Gespräche mit den Schülern seien durch die Schulleitung „nicht ernst“ genommen worden, letztlich seien sogar die Lehrer, die das Fehlverhalten anprangerten, innerhalb des Kollegiums als „schwarze Schafe“ dargestellt worden. Sogar die Androhung von Disziplinarmaßnahmen sei gefallen, als man sich nach wahrgenommener Untätigkeit der Schulleitung ans Regierungspräsidium wandte. Doch auch dort keine Reaktion: „Vom Regierungspräsidium kam nie etwas.“ So blieb letztlich „kein anderer Weg“ als das Verhalten anzuzeigen und den Strafprozess ins Rollen zu bringen.

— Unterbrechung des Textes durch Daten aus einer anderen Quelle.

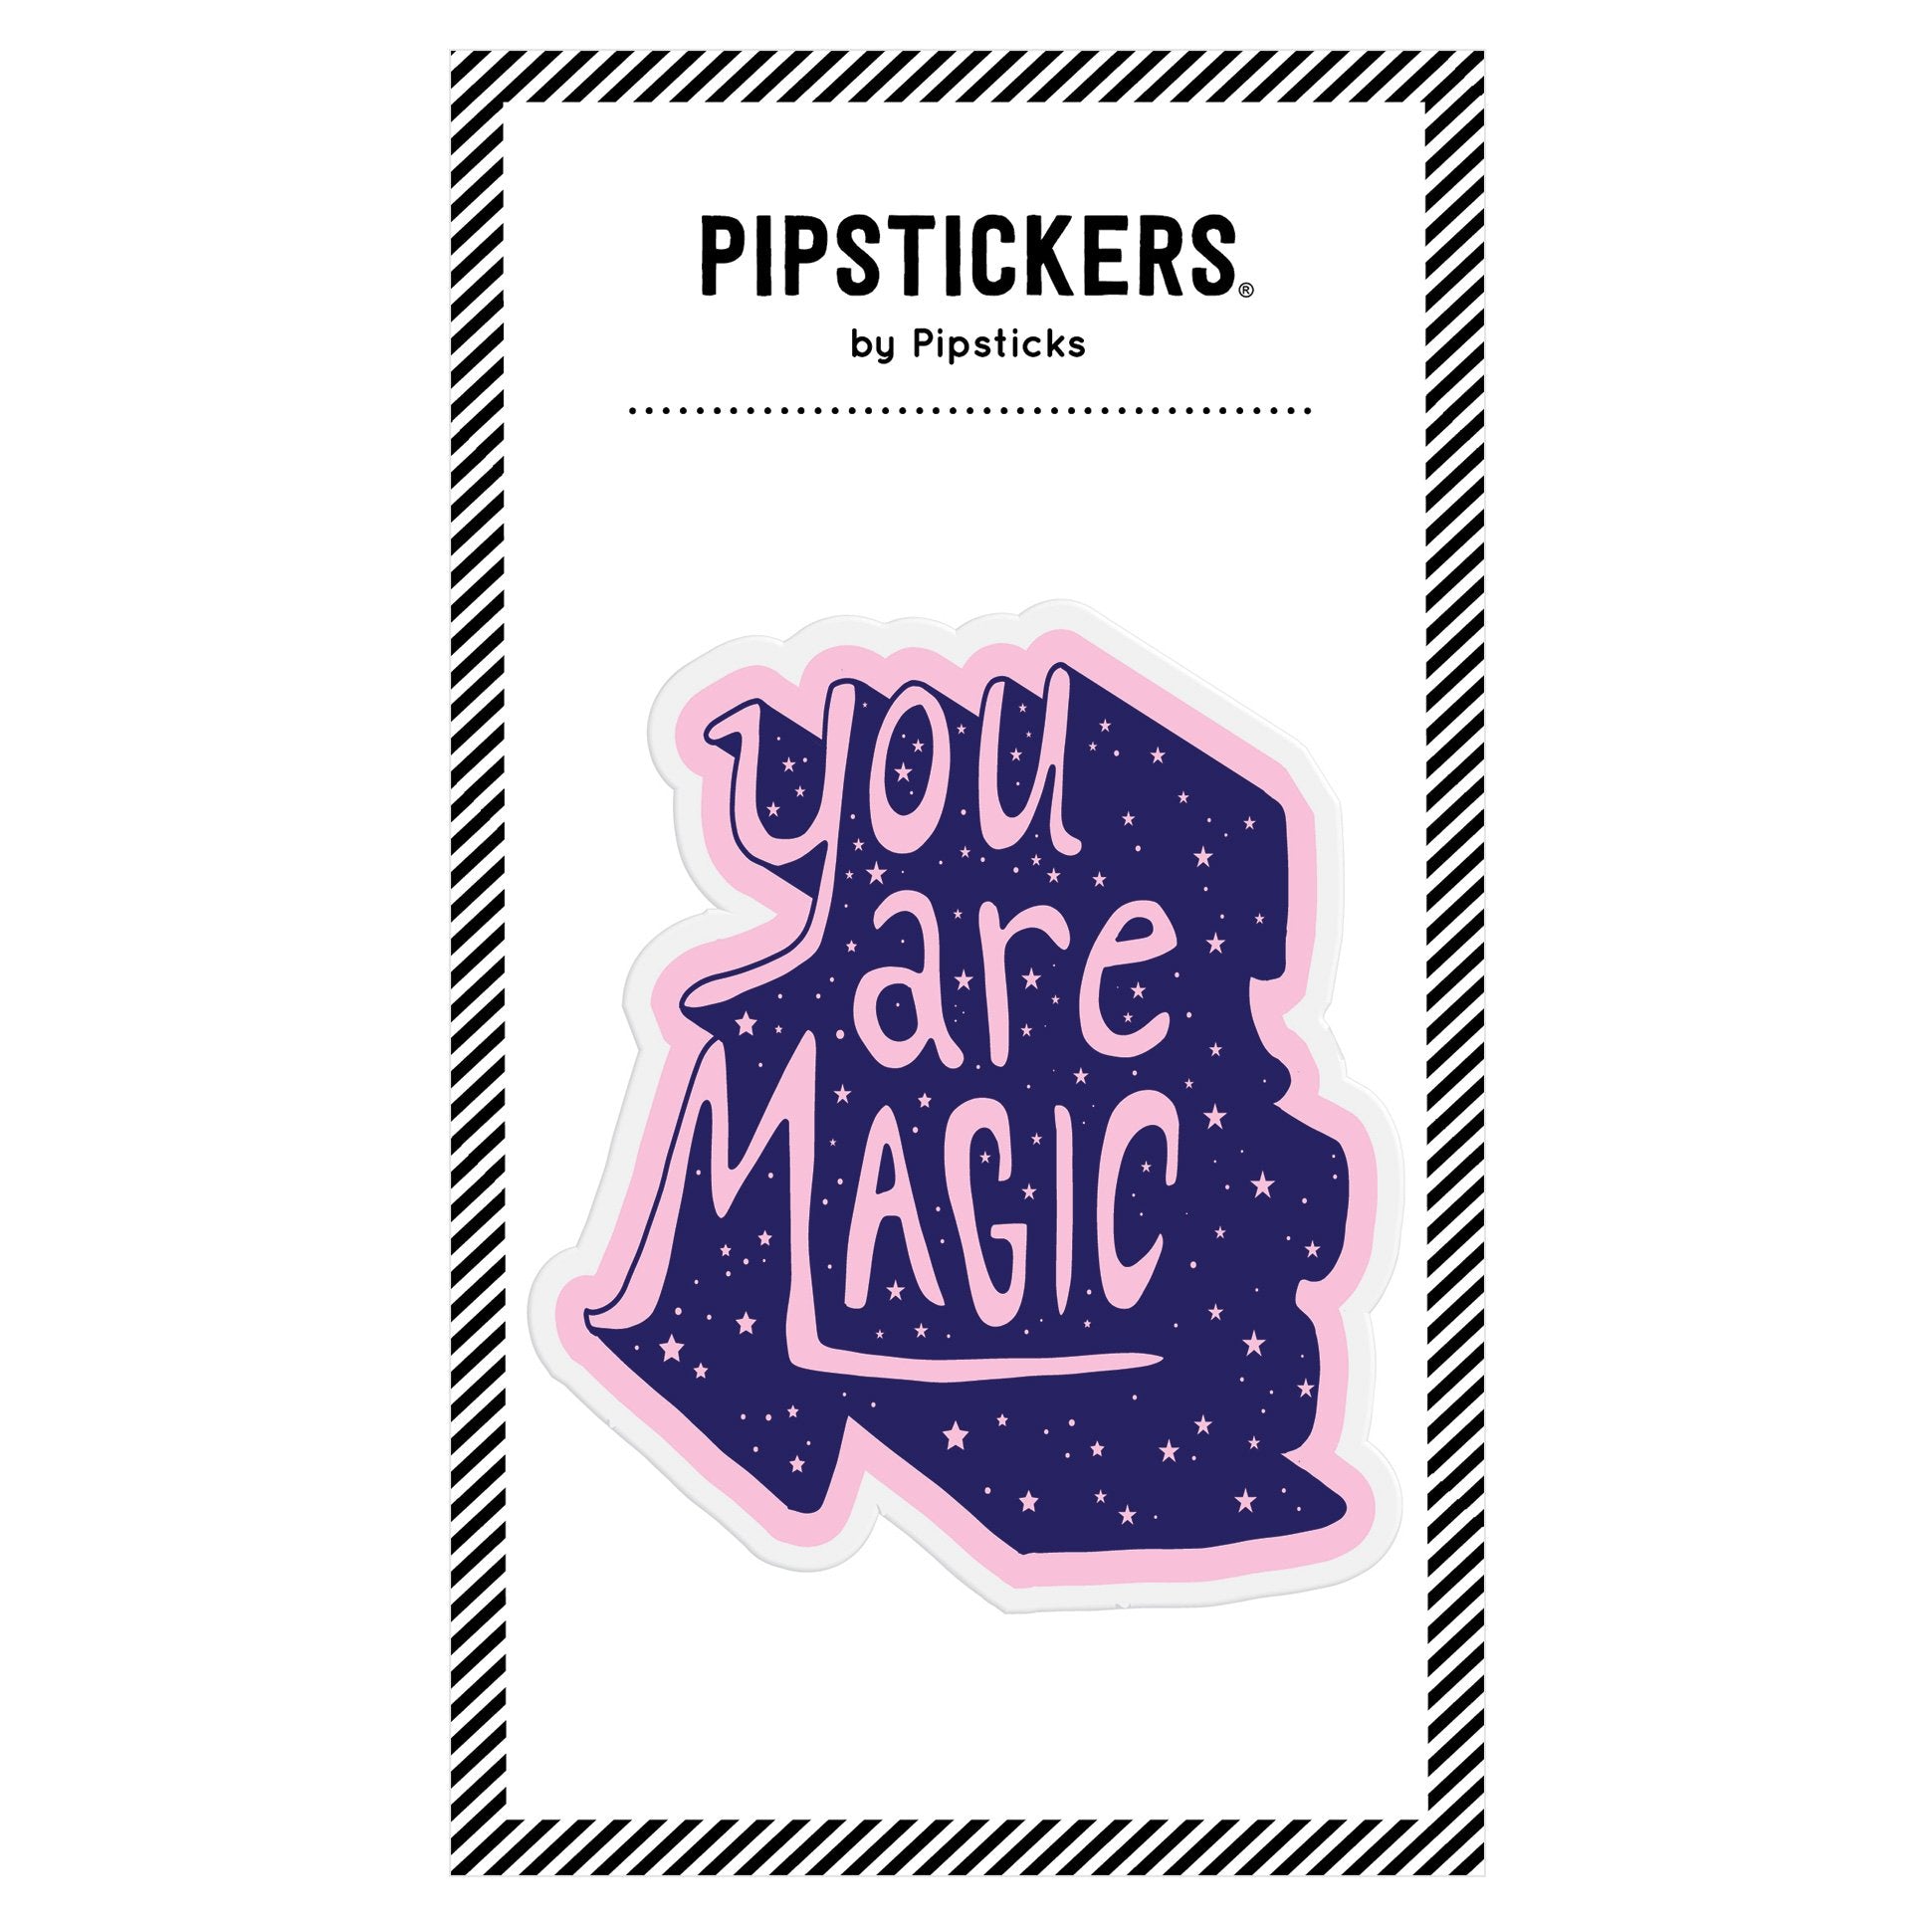 Sticker Magic book

Am Freitag, 15. November, soll dann nach weiteren Zeugenaussagen, darunter der aktuelle Schulleiter, ein Urteil fallen. Von diesem könnten weitere Konsequenzen für den Pädagogen abhängen. Denn schon im Anschluss an das erstinstanzliche Urteil äußerte sich das Regierungspräsidium dahingehend, dass „man alles Mögliche prüft sowie unternimmt und aktuell weitergehende Maßnahmen vorbereitet.“

Wie die Behörde damals auf FN-Anfrage mitteilte, war man über die Vorwürfe seit Oktober 2022 informiert und stehe seitdem im Austausch mit der Schule. Über konkrete Schritte gibt es bislang keine Informationen. Diese dürften auch von der Höhe und Rechtskraft eines Urteils abhängen. Allgemein wären gegen einen pensionierten Beamten immer noch „Kürzung oder Aberkennung des Ruhegehaltes“ möglich.